India Tax: Govt softens stand in new tax code

Rules for FIIs, capital gains may cause pain.
India government today proposed relief for individuals, companies that pay minimum alternate tax (MAT) and entities using the provisions of the Double Taxation Avoidance Agreements in the revised draft of the Direct Taxes Code (DTC).

More tax relief is in store as the revised tax draft suggested a less taxing dispensation for triggering the General Anti-Avoidance Rule. The 35-page document, released for comments, said every arrangement for tax mitigation would not be liable to be classified as an impermissible avoidance arrangement. It would only be used in four situations and will come with further safeguards by way of detailed rules and a specified threshold.

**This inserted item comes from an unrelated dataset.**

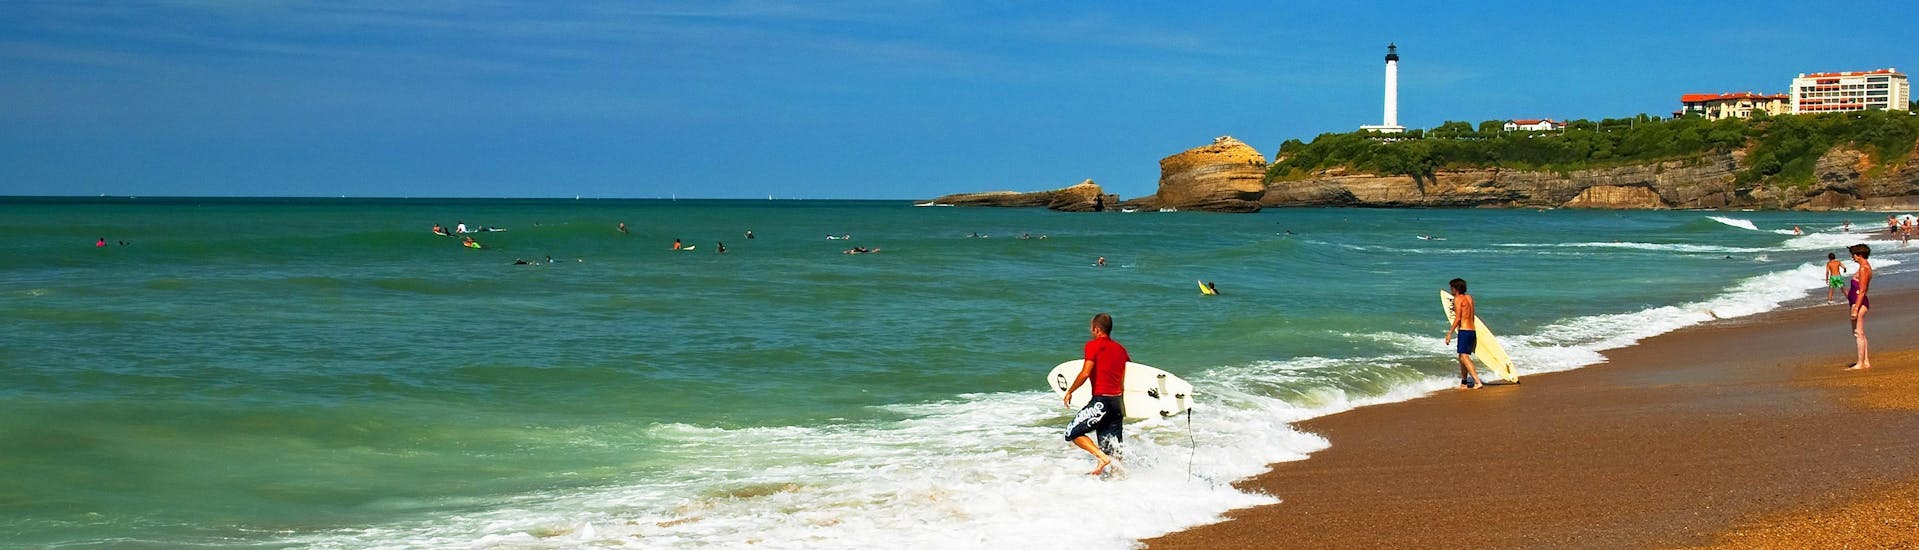 A young woman surfing in the clear blue waters of the surfing and SUP hotspot of La Côte des Basques.
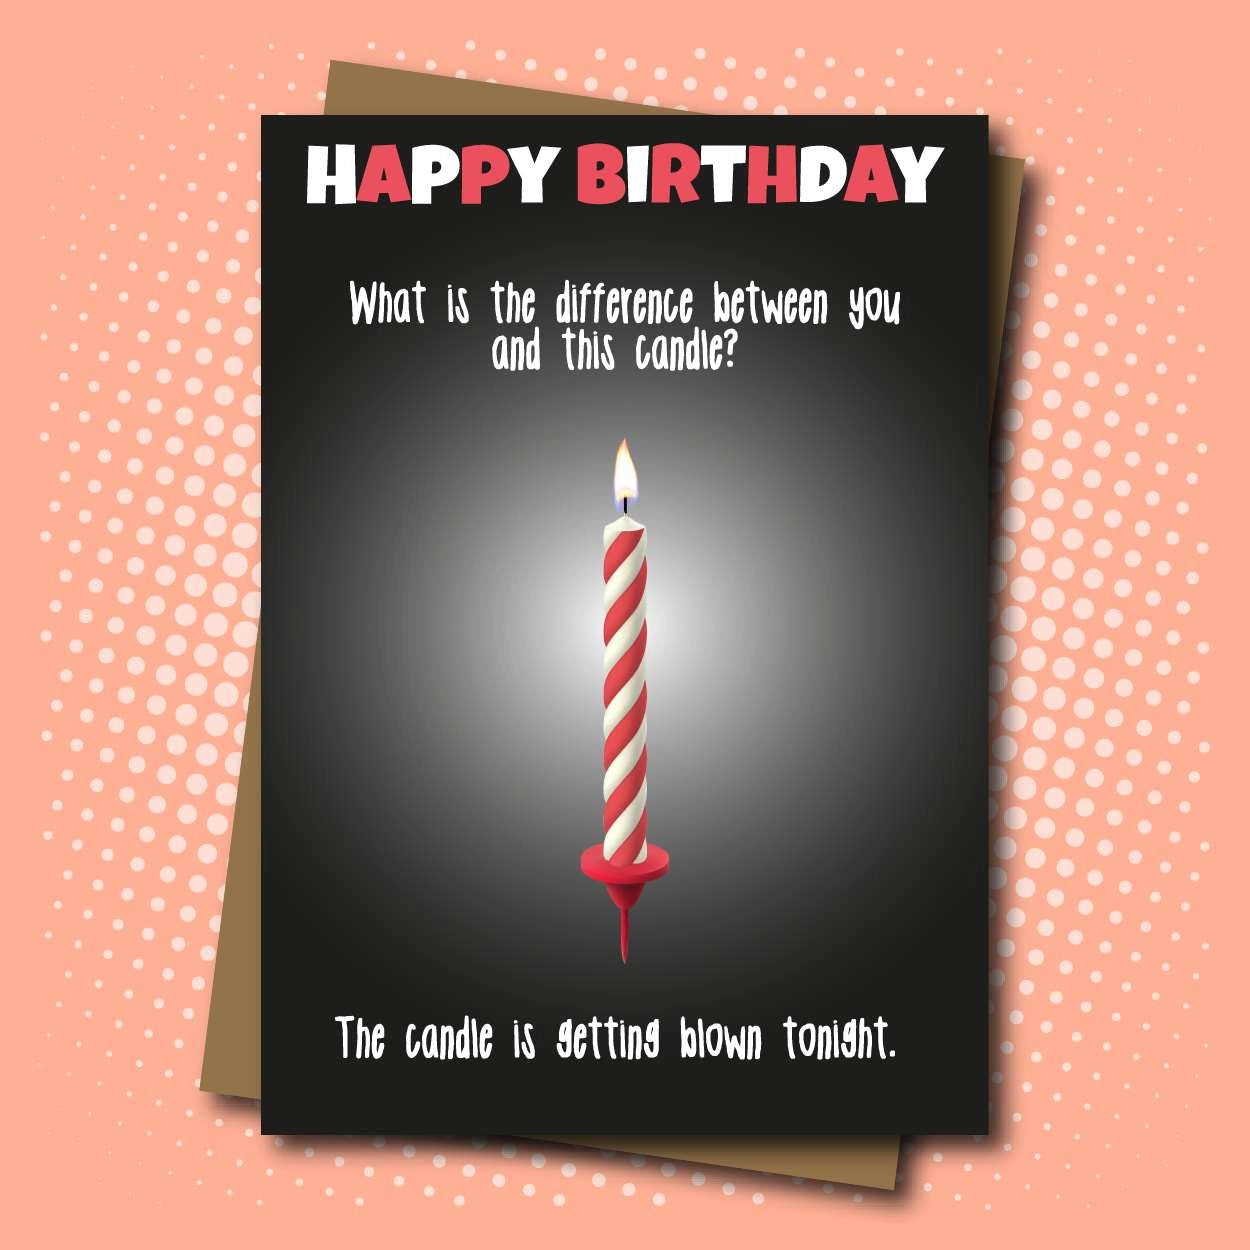 Happy Birthday. What Is The Difference Between You And This Candle?  The Candle Is Getting Blown Tonight - Jumbo Greeting Card - Mellow Monkey

But there could be some pain for those making capital gains, as long-term capital gains in case of listed companies will now be added to the income and taxed at the applicable rate. At present, no capital gains tax is to be paid on long-term gains. The higher burden could be partly offset through a reduction in the securities transaction tax (STT), which was proposed to be abolished in the first draft. Investors are now awaiting the specific rates of deduction for capital gains, which would be finalised by the tax authorities.

Direct Tax Overhaul

- MAT to be computed on the basis of book profits
- Pension plans, life insurance, PPF exempted from tax at withdrawal
- Capital gains from stocks, equity funds may be part of ordinary income
- Buying or selling of securities by FIIs to be charged capital gains
- FIIs not to be subjected to TDS, will pay advance tax
- Difference between long-term and short-term capital gains eliminated

In case of short-term capital gains, however, no change has been proposed.

There will be more burden on some foreign institutional investors (FIIs), too, as the revised draft said any income arising through sale and purchase of securities will be taxed under capital gains. At present, it is treated as business income of a foreign company and exempted from tax.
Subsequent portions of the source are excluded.